In the last few years a new type of business corporation has appeared — the benefit corporation. The Wikipedia definition begins with,
A benefit corporation or B corporation is a corporate form in the United States designed for for-profit entities that want to consider society and the environment in addition to profit in their decision making process.
- have a corporate purpose to create a material positive impact on society and the environment;
- are required to consider the impact of their decisions not only on shareholders but also on workers, community, and the environment; and
- are required to make available to the public an annual benefit report that assesses their overall social and environmental performance against a third party standard.
I like item 2. It seems to me that in addition to a responsibility to its shareholders, a corporation has a responsibility to its customers, employees, and society. Here is a partial list of Benefit corporations. Patagonia, Inc. is notable in this list.
Benefit corporations may, if they choose, become certified B Corps. In 2010, Maryland was the first state to officially recognize B Corps as a distinct legal entity. Last July, Delaware joined 13 other states that recognize the B Corp. B Corps must be certified by B Lab, an independent organization. According to Benefit Corp vs. Certified B Corp,
A certified B Corporation has achieved a verified minimum score on the B Impact Assessment (80/200).

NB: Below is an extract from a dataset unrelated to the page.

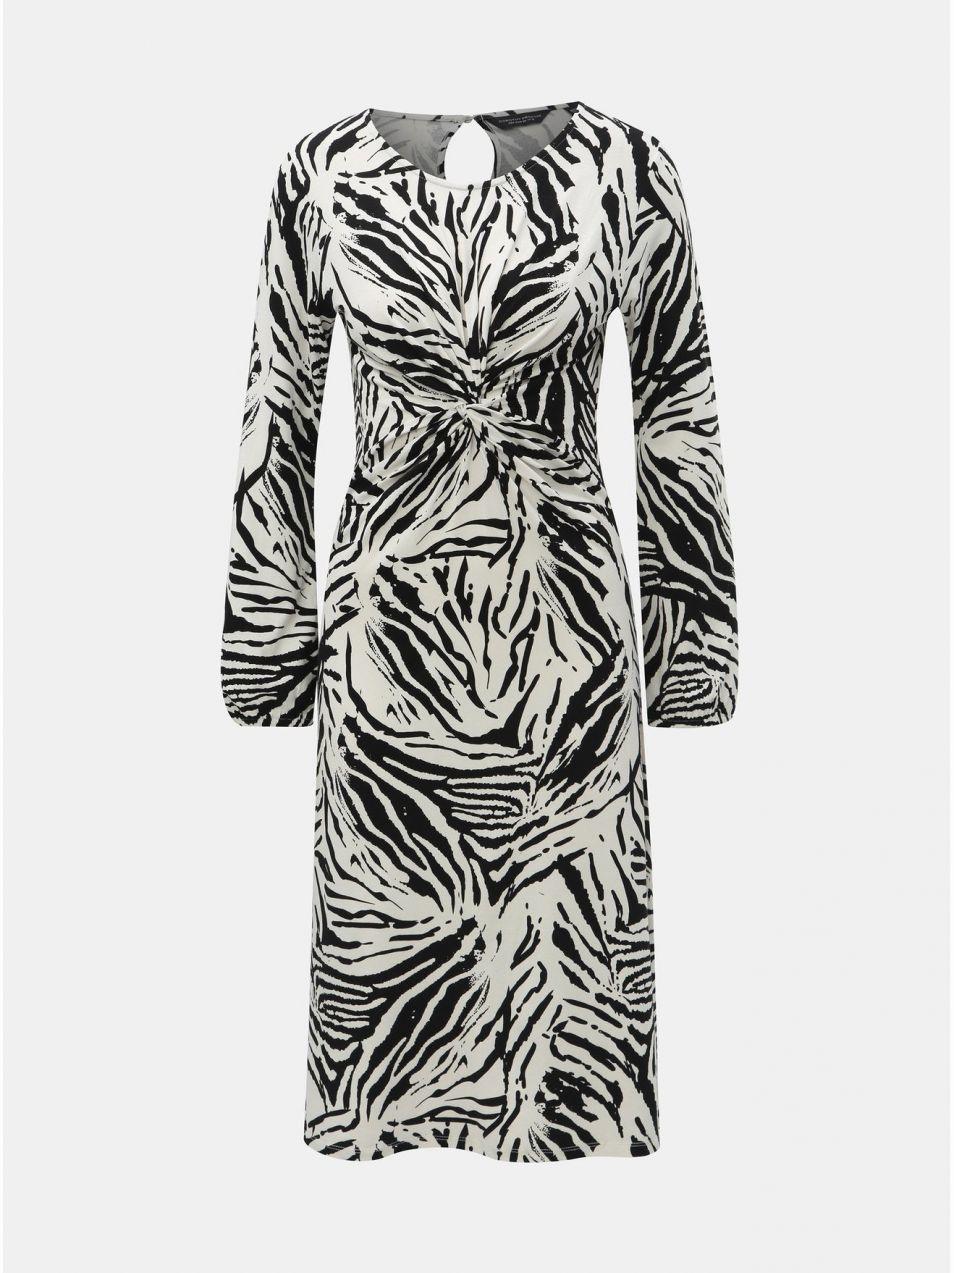 66d55d89f995 Čierno–biele vzorované šaty s riasením na bruchu Dorothy Perkins značky  Dorothy Perkins - Lovely.sk

While benefit corporations are required to publish an annual report assessing their overall social and environmental performance against a third party standard, that report is not required to be verified, certified, or audited by a third party standard organization. . . . Certified B Corporations have been certified as having met a high standard of overall social and environmental performance, and as a result have access to a portfolio of services and support that benefit corporations do not.
B Lab’s website, in Why B Corps Matter, states
Business, the most powerful man-made force on the planet, must create value for society, not just shareholders.
The Benefit Corporation is an interesting concept. Will it endure, or become just a footnote in the long history of business and commerce?